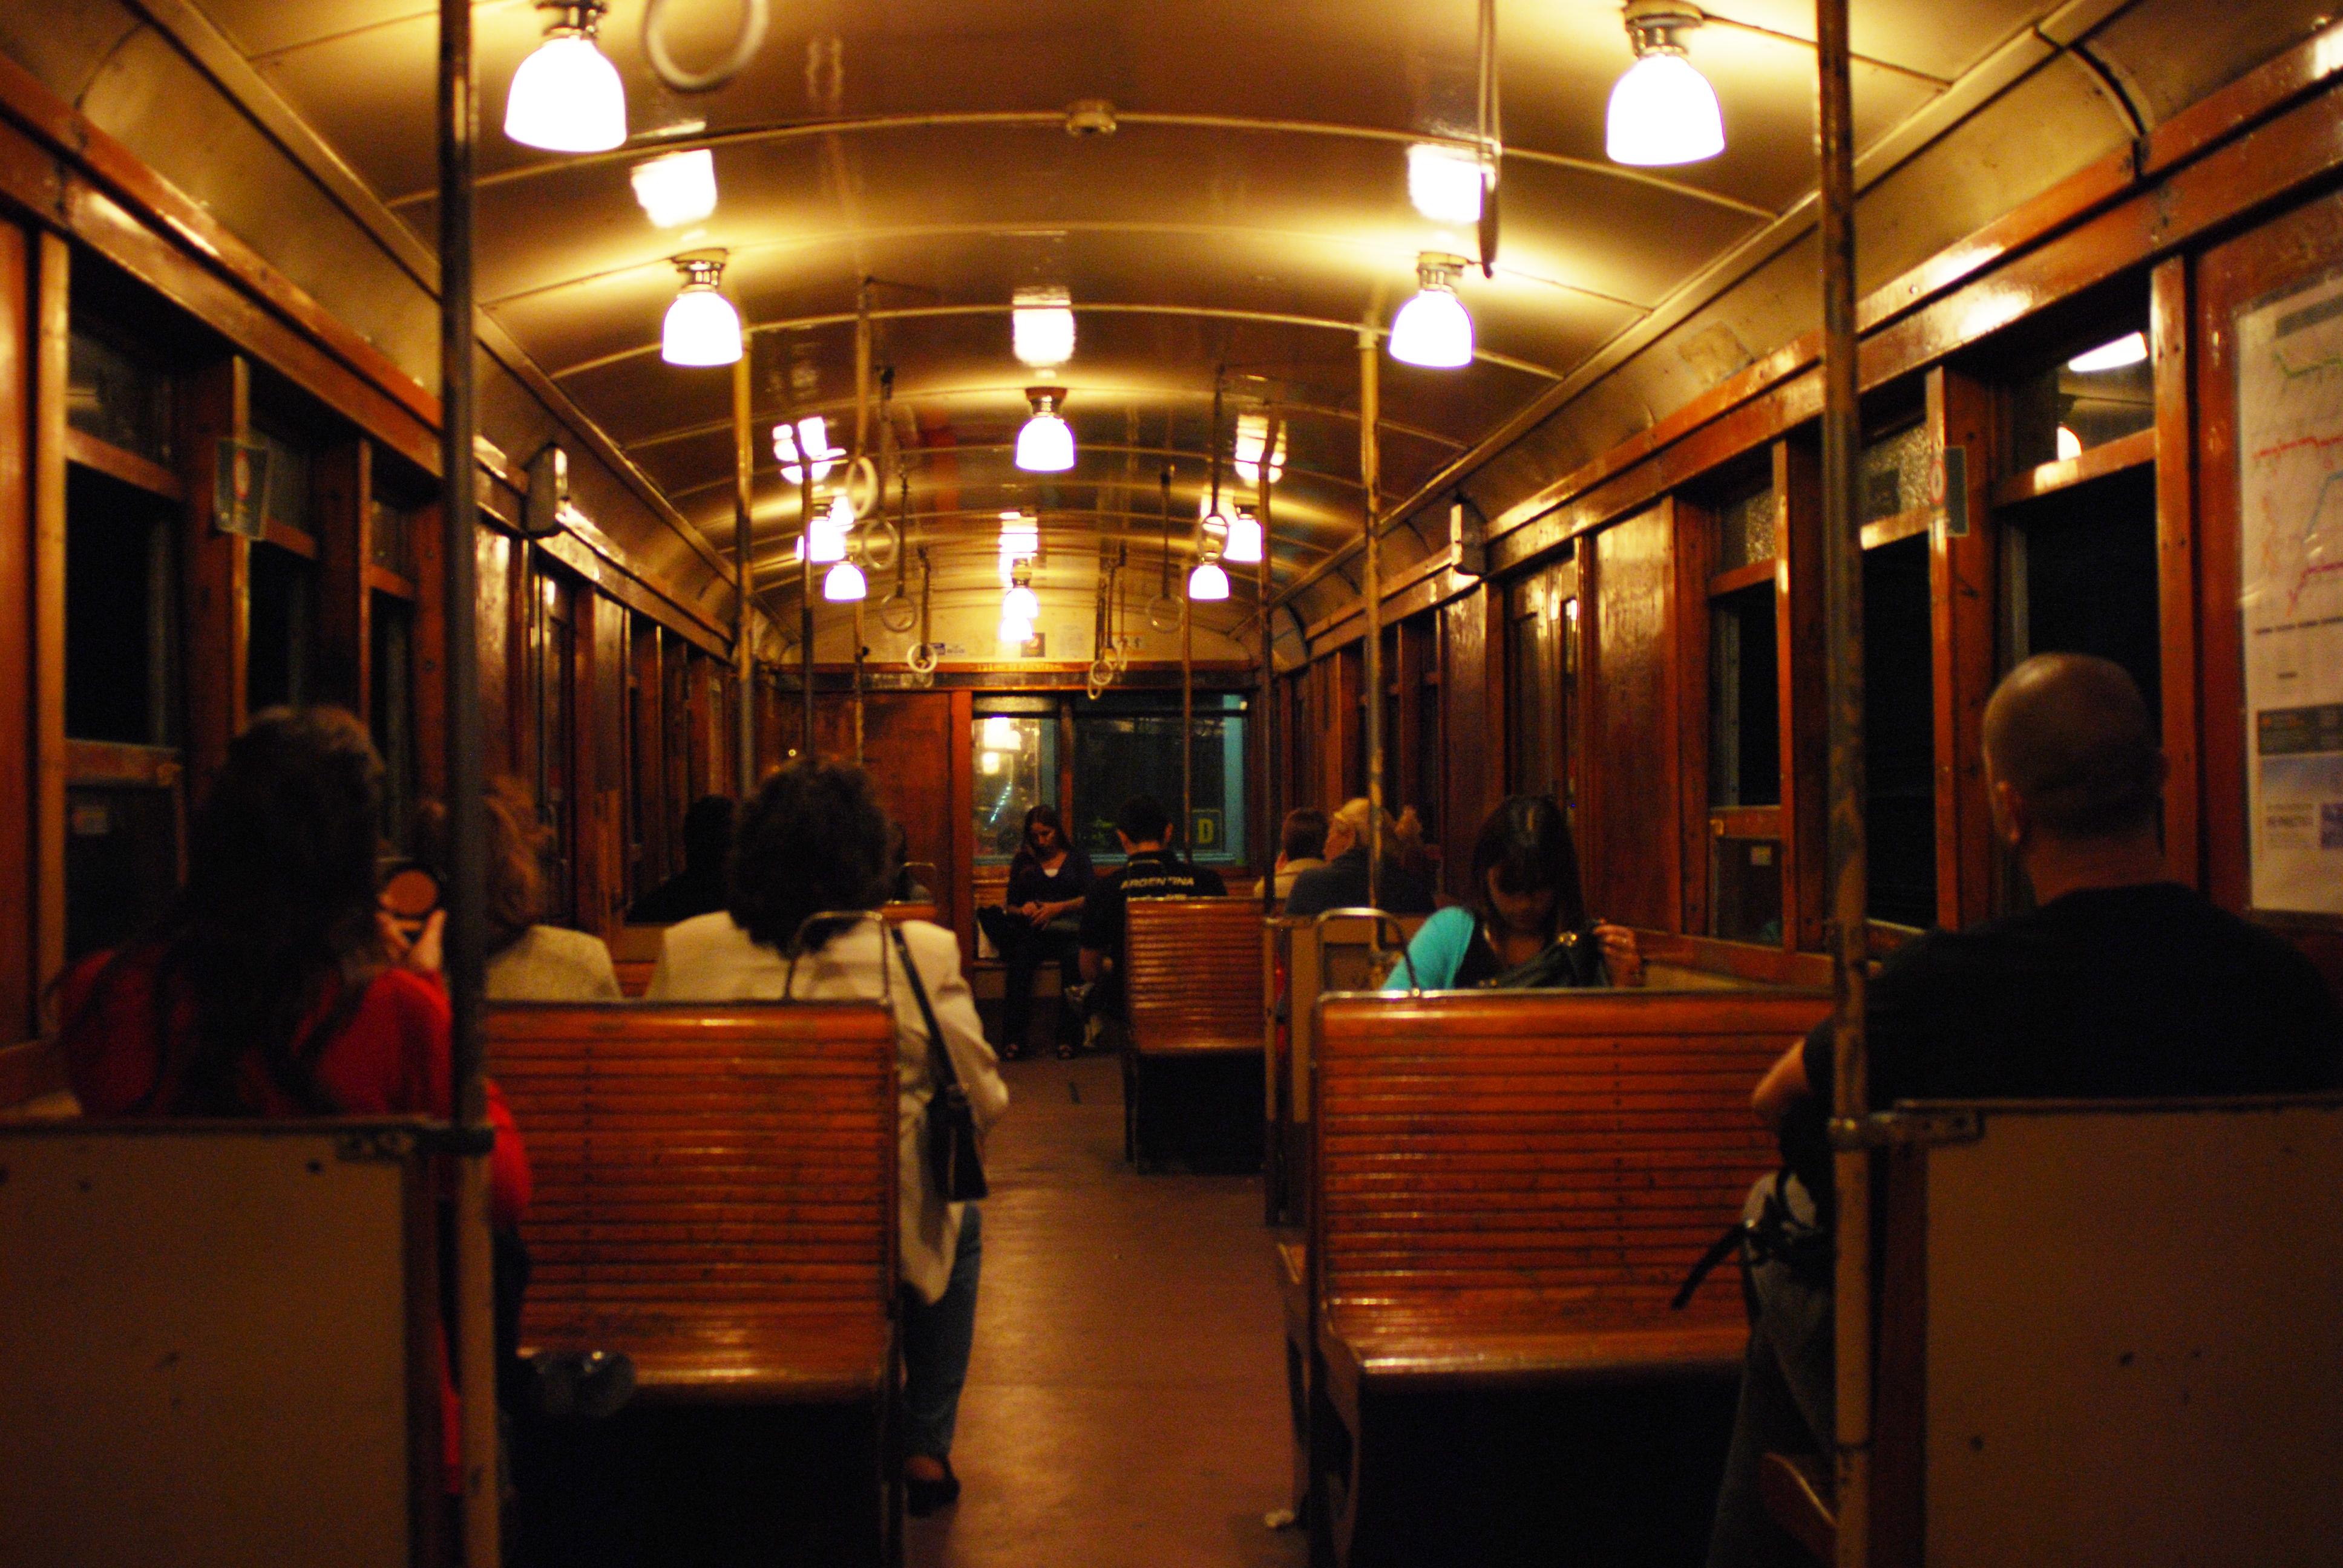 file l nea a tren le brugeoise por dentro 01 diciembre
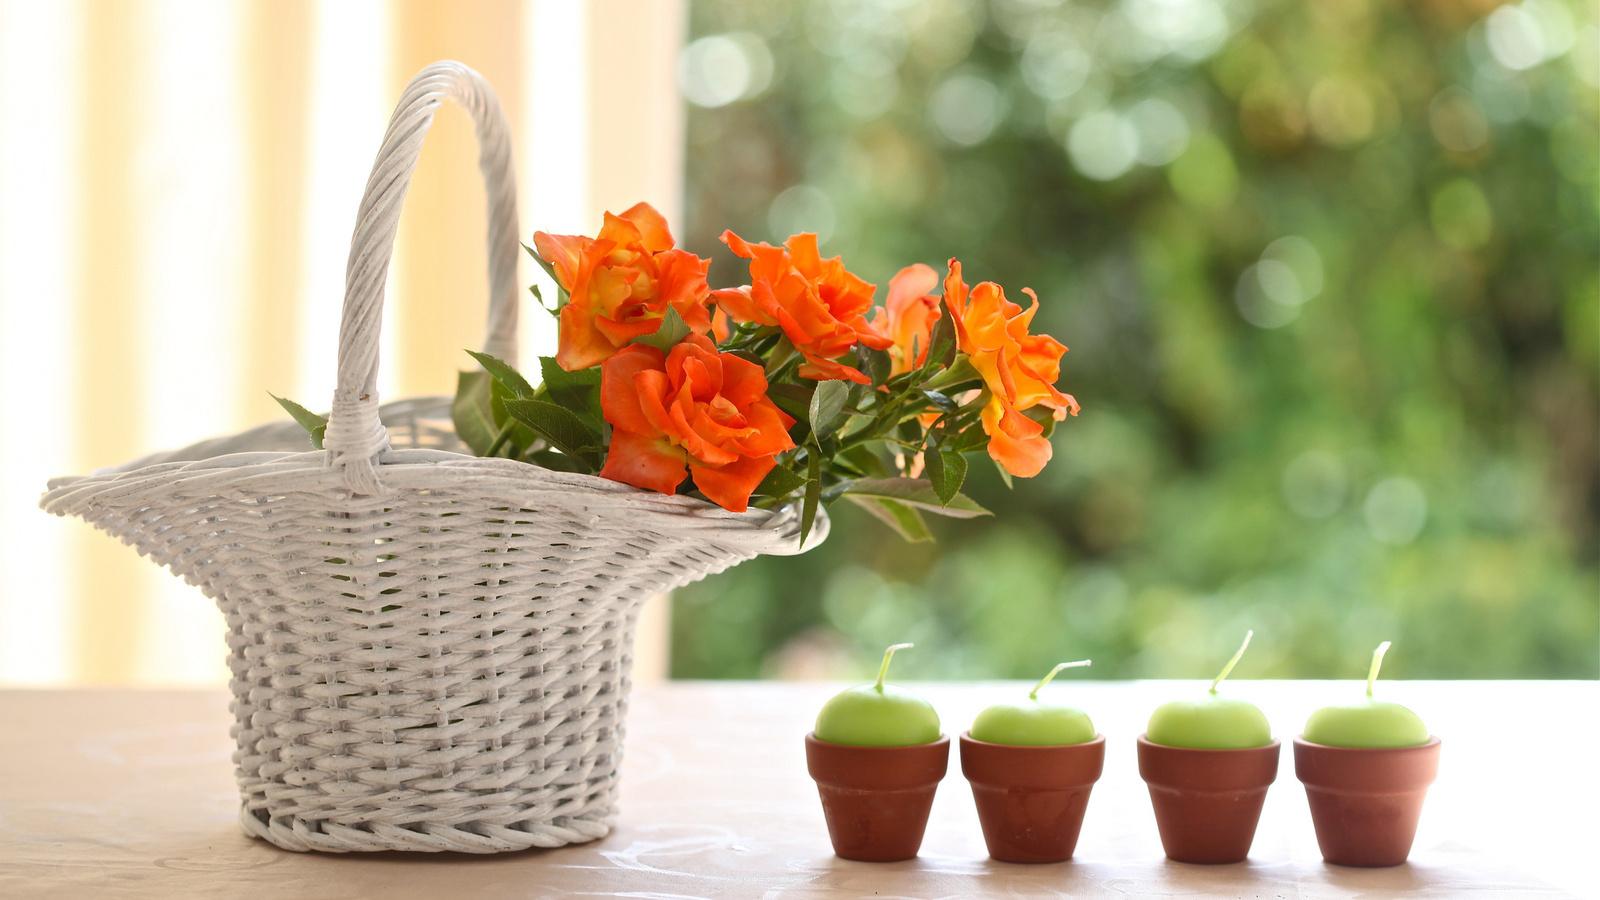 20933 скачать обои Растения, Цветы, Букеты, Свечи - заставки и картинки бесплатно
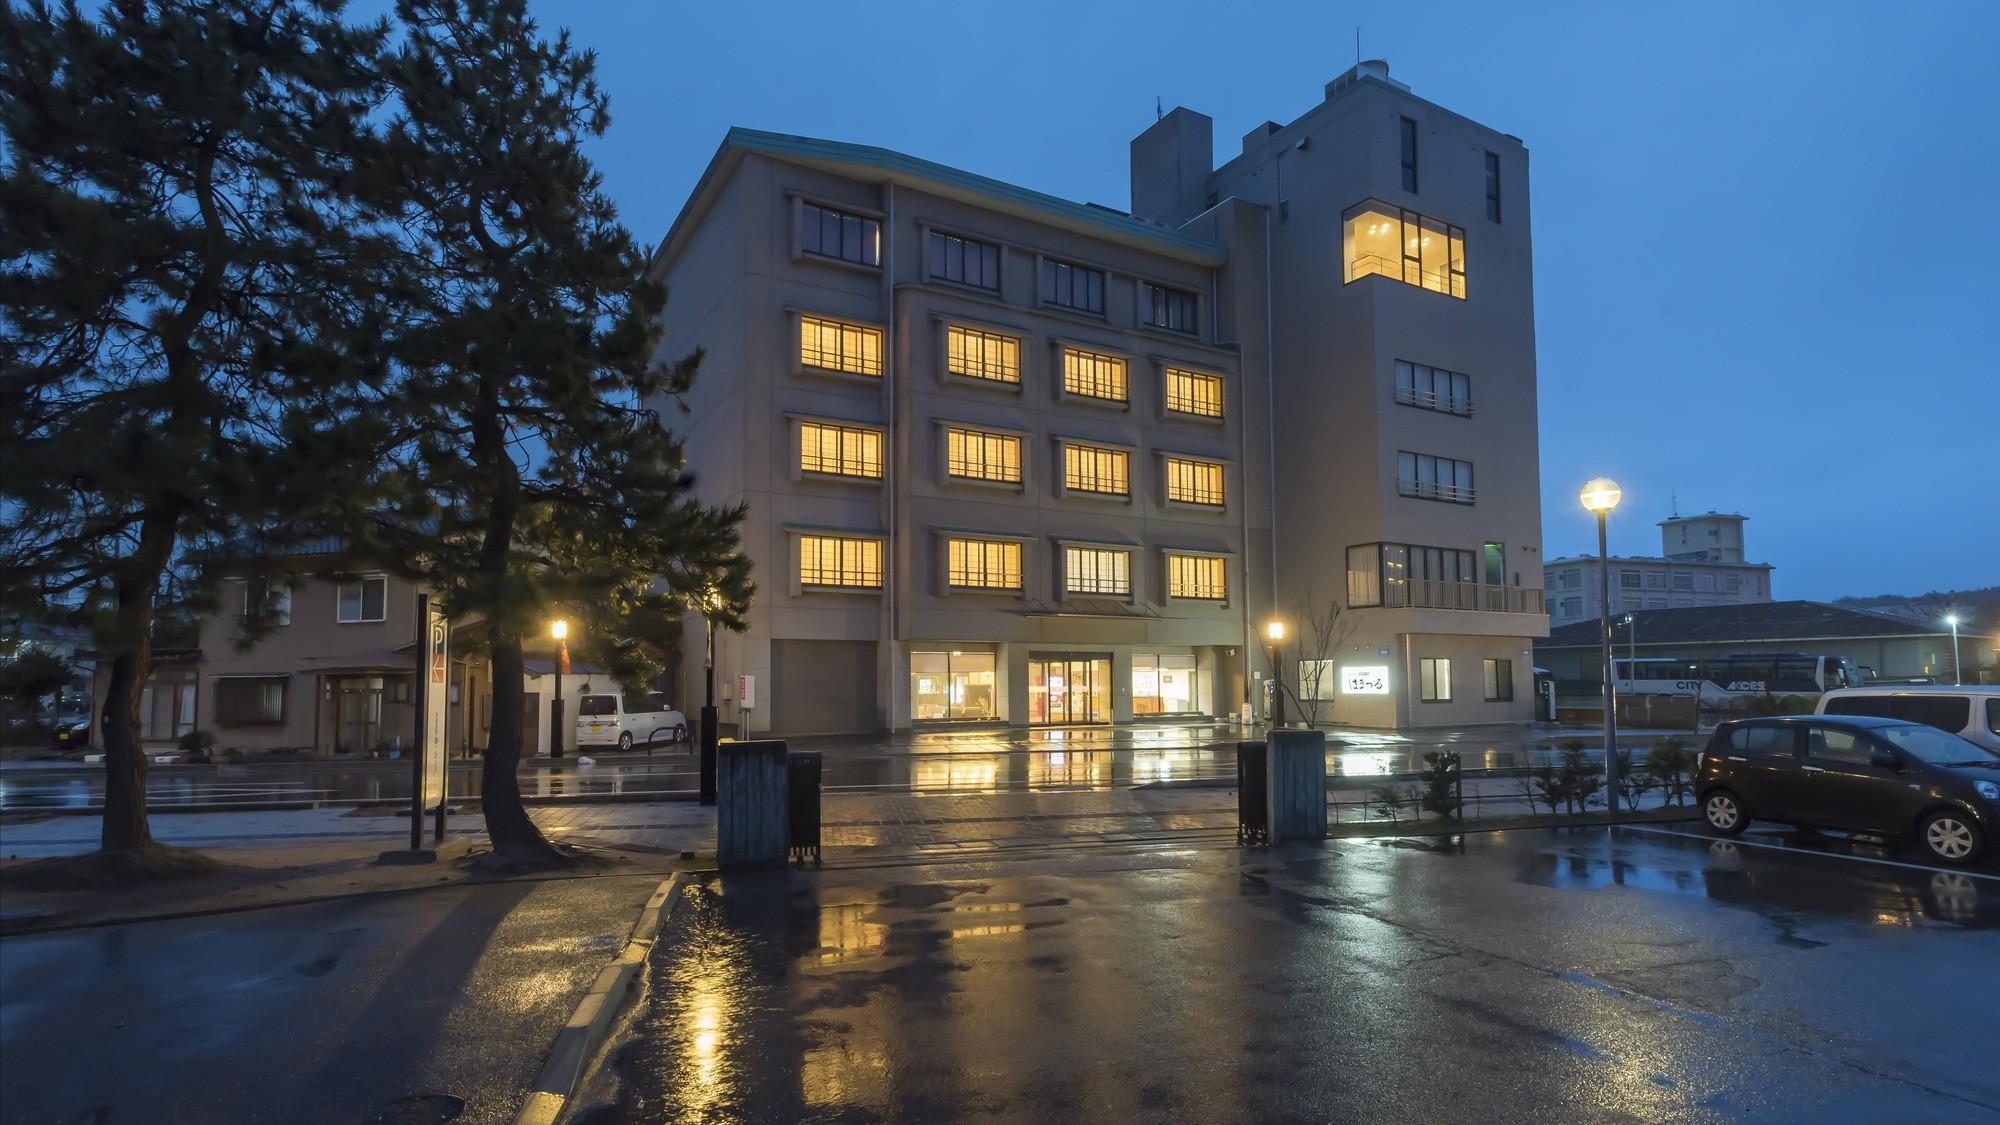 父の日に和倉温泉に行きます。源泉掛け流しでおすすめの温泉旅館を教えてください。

────────────────────

- **Work required**:
Set the data above down again exactly as given, with no pictures.

- **Result for this task**:
 file l nea a tren le brugeoise por dentro 01 diciembre
 20933 скачать обои Растения, Цветы, Букеты, Свечи - заставки и картинки бесплатно
 父の日に和倉温泉に行きます。源泉掛け流しでおすすめの温泉旅館を教えてください。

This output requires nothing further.